A golang framework for streaming event processing & data pipeline apps
Firebolt has a simple model intended to make it easier to write reliable pipeline applications that process a stream of data.
It can be used to build systems such as:
- logging/observability pipelines
- streaming ETL
- event processing pipelines
Every application's pipeline starts with a single source, the component that receives events from some external system. Sources
must implement the node.Source
interface.
We provide one built-in source:
- kafkaconsumer - Events come from a Kafka topic, and are passed to the root nodes as
[]byte
The processing of your application is executed by its nodes which form a processing tree. Data - events - flow down
this tree. A parent node passes results down to it's child nodes. Nodes may process events synchronously or
asynchronously, and must implement the node.SyncNode
or node.AsyncNode
interfaces accordingly.
We provide two built-in node types:
- kafkaproducer - Events are produced onto a kafka topic by an asynchronous producer.
- elasticsearch - Events are bulk indexed into Elasticsearch.
Firebolt has both run and compile-time dependencies on librdkafka
, see Developing
At DigitalOcean, our first use of Firebolt was in our logging pipeline. This pipeline consumes logs from just about every system we run. The diagram below depicts the source and nodes in this application.
This system uses the built-in kafkaconsumer
source (in yellow) and kafkaproducer
and elasticsearch
nodes (in green).
The blue nodes are custom to this application.

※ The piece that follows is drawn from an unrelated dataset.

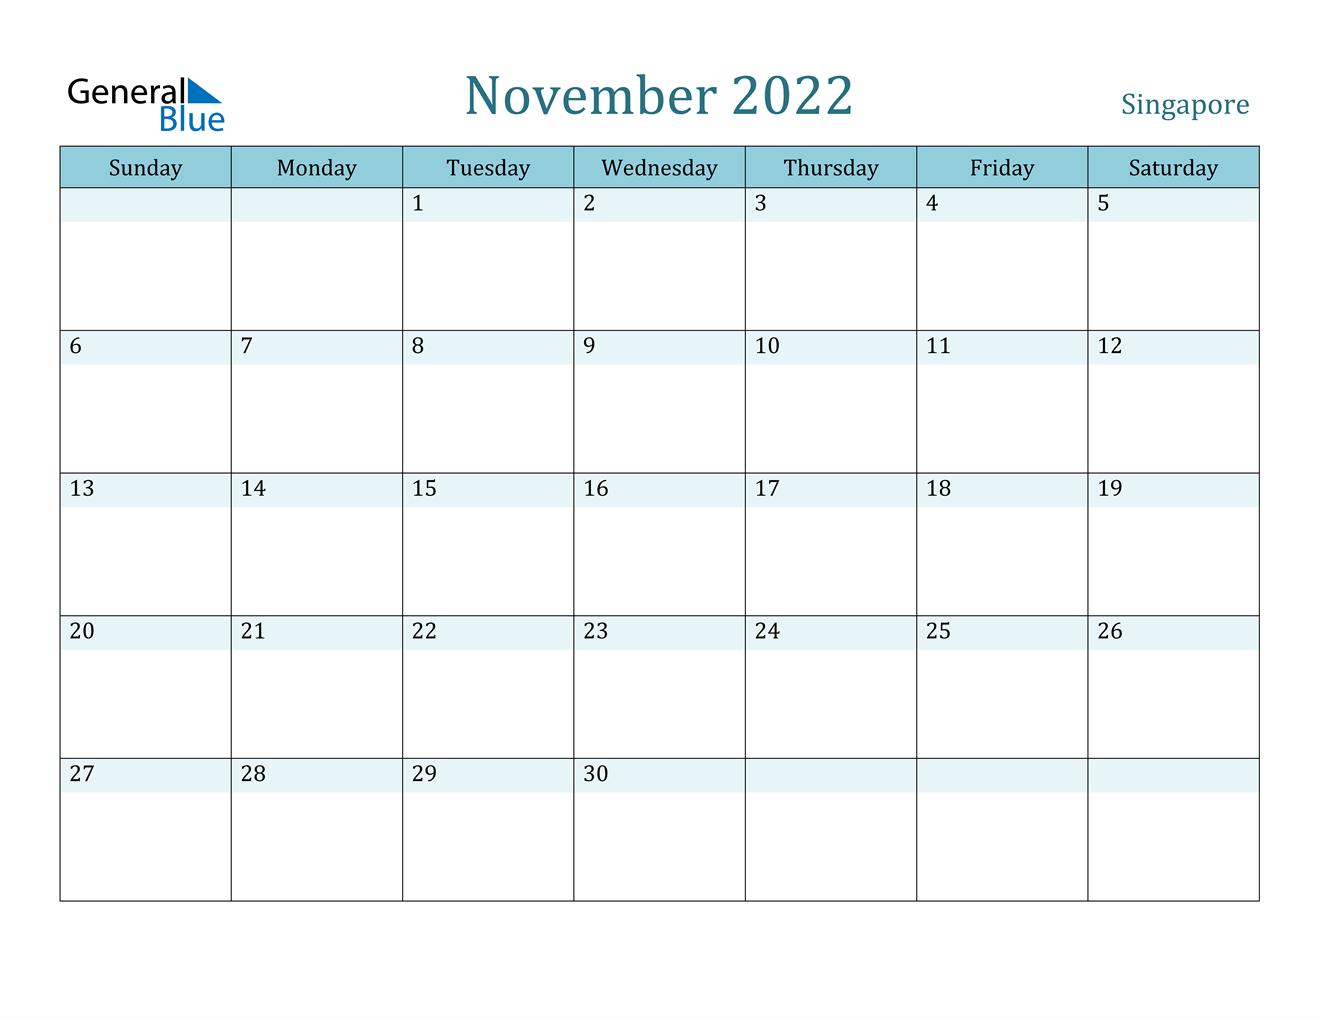 November 2022 Calendar - Singapore

Firebolt is intended to address a number of concerns that are common to near-realtime data pipeline applications, making it easy to run a clustered application that scales predictably to handle large data volume.
It is not an analytics tool - it does not provide an easy way to support 'wide operations' like record grouping, windowing, or sorting that require shuffling data within the cluster. Firebolt is for 'straight through' processing pipelines that are not sensitive to the order in which events are processed.
Some of the concerns Firebolt addresses include:
- kafka sources Minimal configuration and no code required to consume from a Kafka topic, consumer lag metrics included
- kafka sinks Same for producing to a Kafka topic
- loose coupling Nodes in the pipeline are loosely coupled, making them easily testable and highly reusable
- simple stream filtering Filter the stream by returning
nil
in your nodes - convenient error handling Send events that fail processing to a kafka topic for recovery or analysis with a few lines of config
- outage recovery: offset management Configurable Kafka offset management during recovery lets you determine the maximum "catch up" to attempt after an outage, so you can quickly get back to realtime processing.
- outage recovery: parallel recovery After an outage, process realtime data and "fill-in" the outage time window in parallel, with a rate limit on the recovery window.
- monitorability Firebolt exposes Prometheus metrics to track the performance of your Source and all Nodes without writing code. Your nodes can expose their own custom internal metrics as needed.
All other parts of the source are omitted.